Да и нет возможности без смеха смотреть на каторжного Абрамкина, изображающего купеческую дочь, в сарафане до колен, с рукавами по локоть.

Он и сам чувствует, что это должно быть очень "чудно", и улыбается во всю ширину своей глупой, добродушной, кирпичом подрумяненной физиономии.

Любой мрачный меланхолик умер бы со смеху при виде этой нескладной, долговязой, удивительно нелепой фигуры.

Да еще с такими нежными словами на устах.

– Позвольте вам представить, Василий Иванович, мою единственную дочь, – говорит купец, – Вареньку! Наш гость – Василий Иванович.

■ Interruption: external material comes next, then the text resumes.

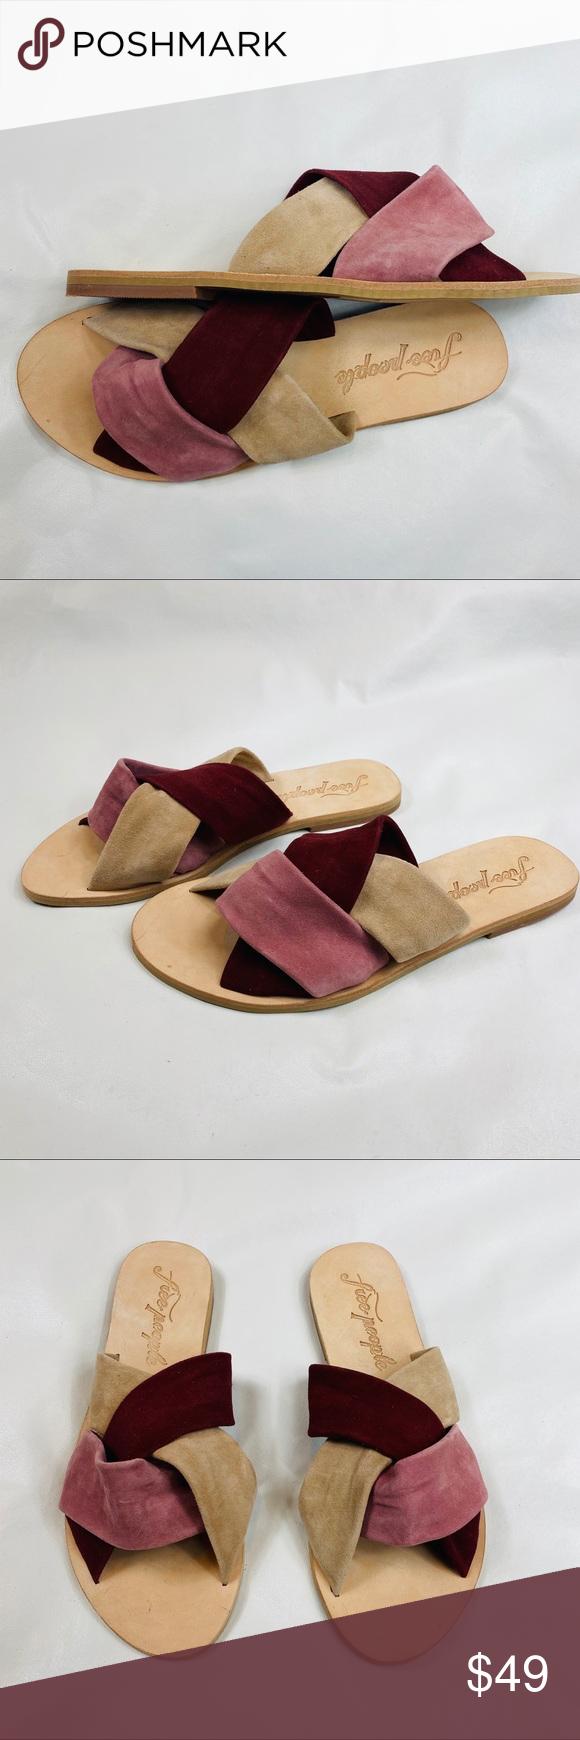 New Free People Rio Vista Slide Sandal Free People Shoes Sandals Slide Sandals Women S Shoes Sandals

– Папаша, обед готов, – заявляет "Варенька", раскланиваясь под неумолкающий хохот с Василием Ивановичем.

Действие четвертое.

– Бежать, бежать я должен отсюда! – говорит Василий Иванович. – Я чувствую, что здесь мои мучения становятся сильнее. Я полюбил Вареньку... Я, ссыльно-каторжный, бродяга, которого каждую минуту могут поймать, заключить в тюрьму, отдать палачу на истязание. О, какое мучение!

Он берет катомку.

– Куда вы, Василий Иванович? – спрашивает его вошедшая Варенька.

– Прощайте, Варвара Потаповна, – кланяется он, – я ухожу от вас. Пойду искать... не счастья, – нет! Счастье мне не суждено! Смерти пойду я искать...

– Зачем вы говорите так? – перебивает его "Варенька". – Вы много видели горя? Вы никогда мне не говорили, кто вы, откуда к нам пришли. И папенька мне запретил спрашивать вас об этом. Почему?

– Это я никому не могу сказать!

– Никому? Даже вашей жене?

– Зачем вы сказали такое слово? – отирая слезу, говорит Василий Иванович. – Вы смеетесь над бедняком.

– Нет, нет! Я сказала это не спроста, не для смеха. Я люблю вас, Василий Иванович, я полюбила вас с первого взгляда. Мне вы можете сказать, кто вы такой.

– Так слушайте же! – с отчаянием произносит Василий Иванович. – Перед вами – тяжкий преступник, отцеубийца! Бегите от меня: я – каторжник, я кандальник! Я... я... убил родного отца!

– Ах! – вскрикивает Варенька и, под хохот публики, падает в обморок.

– Я убил и ее! – ломая руки, говорит беглый каторжник.

– Нет, я жива! – очнувшись, отвечает она. – Прошу вас, не уходите, подождите здесь одну минуту!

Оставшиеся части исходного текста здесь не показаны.